L’objection était fondée sur les principales constatations suivantes :
• Le consommateur pertinent de langue espagnol ou portugaise au signe la signification suivante : adjectif qualifiant quelque chose comme étant le meilleur possible dans son genre.
• La signification susmentionnée du mot « MAXIMO », dont la marque est composée, est étayée par les références du dictionnaire suivantes : MAXIMO Espagnol 'adj. Más grande que cualquier otro en su especie. Sin.: supremo, sumo, mayúsculo' (informations extraites du dictionnaire RAE le 12/12/2023 à https://dle.rae.es/máximo).
Traduit librement en français par l’Office comme suit : « adj. plus grand que tout autre de son genre. Synonyme : suprême. »

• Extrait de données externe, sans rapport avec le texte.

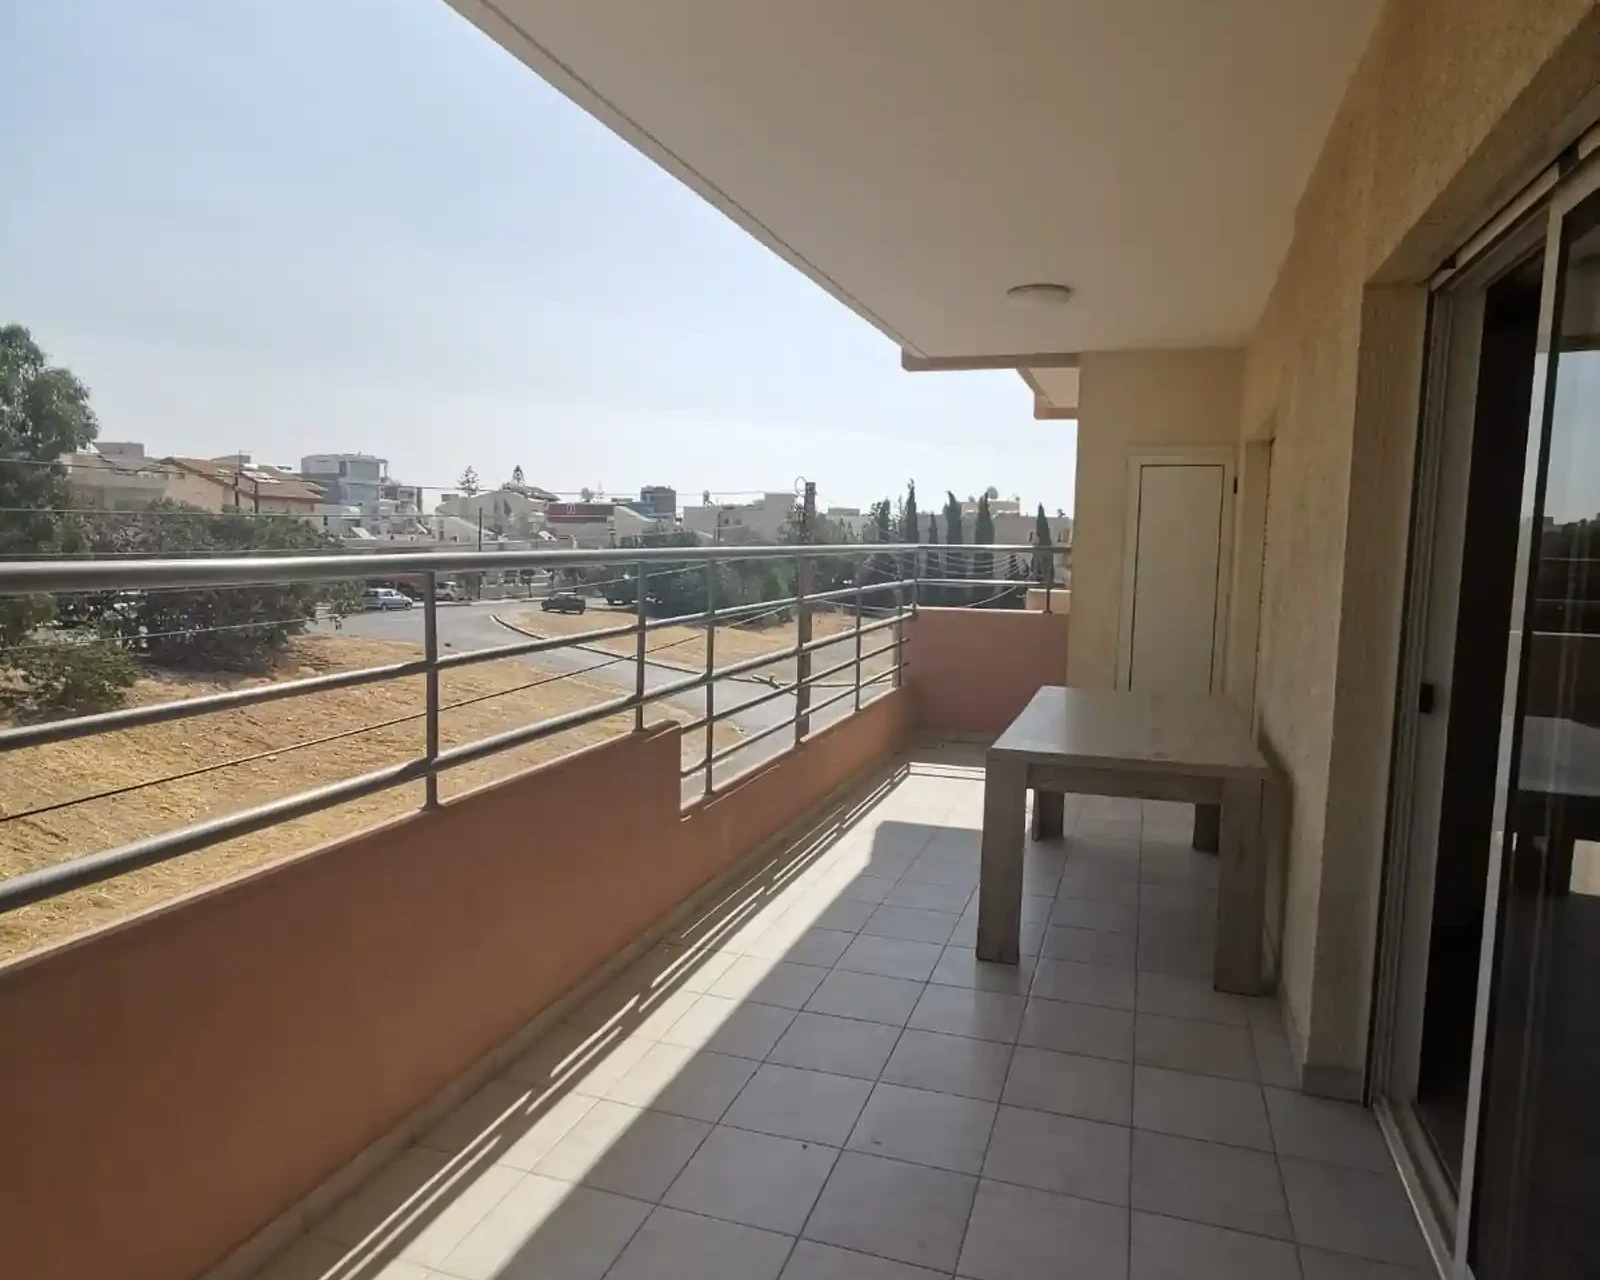 3-bedroom penthouse to rent €1.500, image 1

L’absence d’accent n’est pas suffisante pour modifier la perception du consommateur de langue espagnol, pouvant apparaitre comme une simple faute d’orthographe. Portugais '1 superlativo absoluto sintético de grande. maior de todos
2. que está acima de todos os da sua espécie ou género
3. excelso; sumo' (informations extraites du dictionnaire Infopedia le 12/12/2023 à https://www.infopedia.pt/dicionarios/lingua- portuguesa/maximo).
Traduit librement en français par l’Office comme suit : « superlatif absolu synthétique de grand. Le plus grand de tous 2. Qui est au- dessus de tous ceux de son espèce ou de son genre 3. Excellent ; suprême »
• Le public pertinent percevra simplement le signe « MAXIMO » comme fournissant des informations purement laudatives indiquant que les produits sont les meilleurs dans leur catégorie.
• Le public pertinent n’aura pas tendance à percevoir dans le signe une quelconque indication de l’origine commerciale, mais simplement des informations laudatives permettant de souligner les aspects positifs des produits.
II. Résumé des arguments de la titulaire
En date du 10/04/2024, la titulaire a présenté ses observations qui peuvent se résumer comme suit :
1. L’Office n’a pas déterminé le degré d’attention du consommateur à l’égard des produits. En l’espèce, le signe s’adresse au grand public mais les produits n’étant pas acquis quotidiennement, le consommateur sera d’attention élevé.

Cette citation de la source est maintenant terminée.